For creative confidence, I would maybe try giving him a disposable camera (for now) and display his favorite photos in frames. Talk to him about the art of photography, the art of video, the art of music, the art of dance, the art of sculpture, the art of mixed-media, the art of collage. Talk to him about documenting performances. Start looking at (and talking about) his building-block creations as architectural pieces. That's what they are! Start talking about different things that he does in terms of its integrity as art.

Also, scribble with him and love your scribbles.


----------



## Storm Bride

DS2 was only scribbling until shortly before his 5th birthday. He's going to be six in July, and he's only recently started being able to really draw what he wants to draw at all. He gets very, very frustrated (both his older siblings were, unfortunately for him, early with drawing and such - ds1 drew me a recognizable shark at just under two) with his inability to draw. What I'm seeing, though, is that he got started late on these skills, both in terms of interest (actually, he wanted to draw at about three, but really wanted to be able to slap a paint brush or pencil against paper and produce a Mona Lisa) and ability, and is now developing them at what seems to be a more normal rate.

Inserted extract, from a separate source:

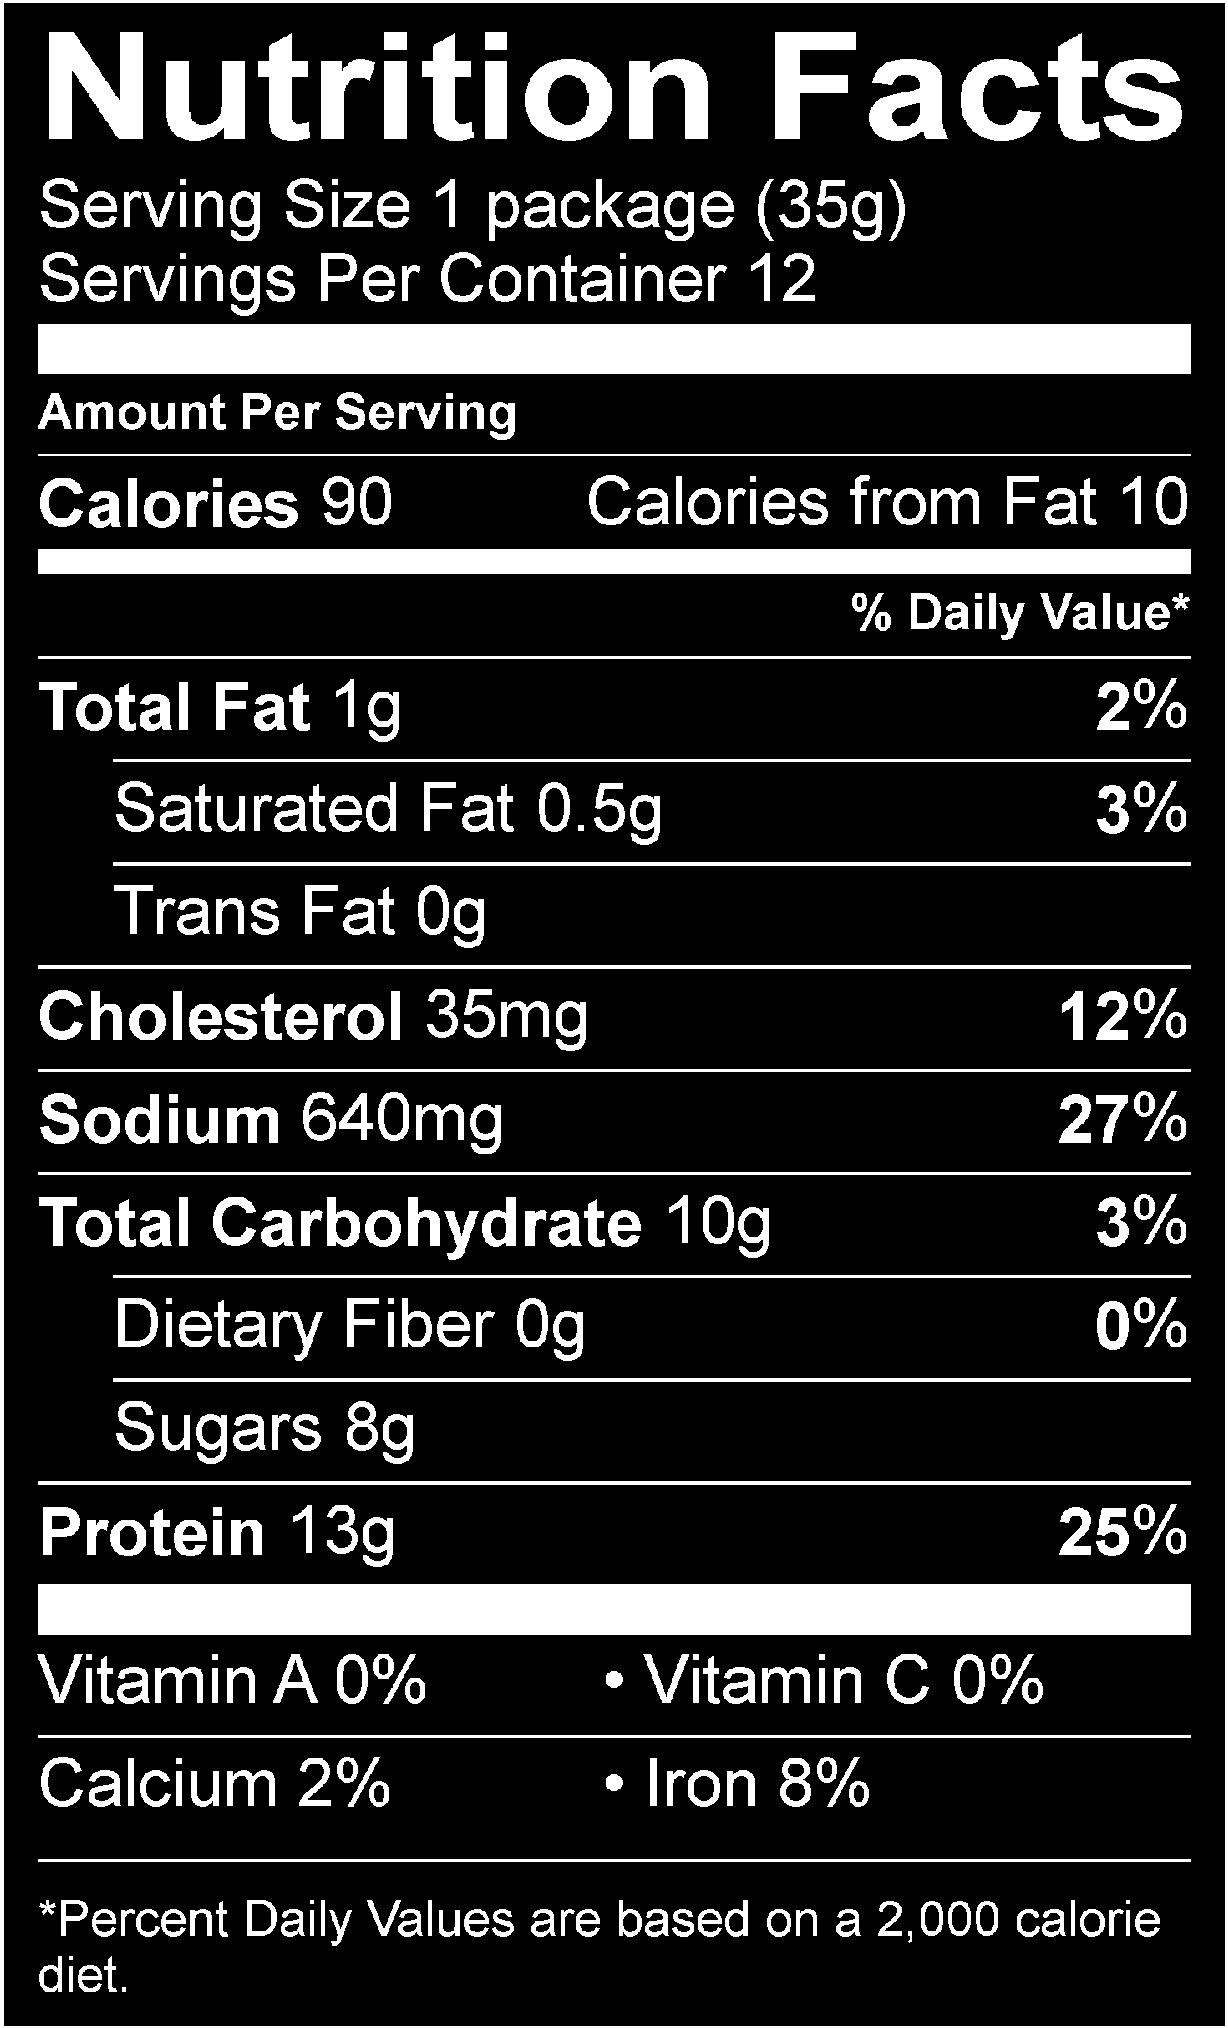 PG Original Snack Pack NFP Inverted .png

You've already got your ds seeing an OT, so I think I'd mention this, just as a data point, but it really doesn't sound like anything to worry about.


----------



## Rlin

This is an excavator that DS drew a week ago. He is 2y10m. He loves to draw and is really into machines. He drew two control units, because one is for operating the excavator and the other one for sleeping (we just bought a camper  )


----------



## waiting2bemommy

So today I told ds we were going to draw on a big cardboard box that I had flattened out.

Both of the kidsw had a blast! Ds wanted me to draw, too, so I drew, but then it turned into him drawing and having me label his pictures. He did a frog and a truck this way, and as an added bonus he had a good time sounding out the spelling of each word as I wrote it. (He thinks reading/decoding/phonics/spelling is this really cool puzzle-ish game that we do. It's definitely not work to him.)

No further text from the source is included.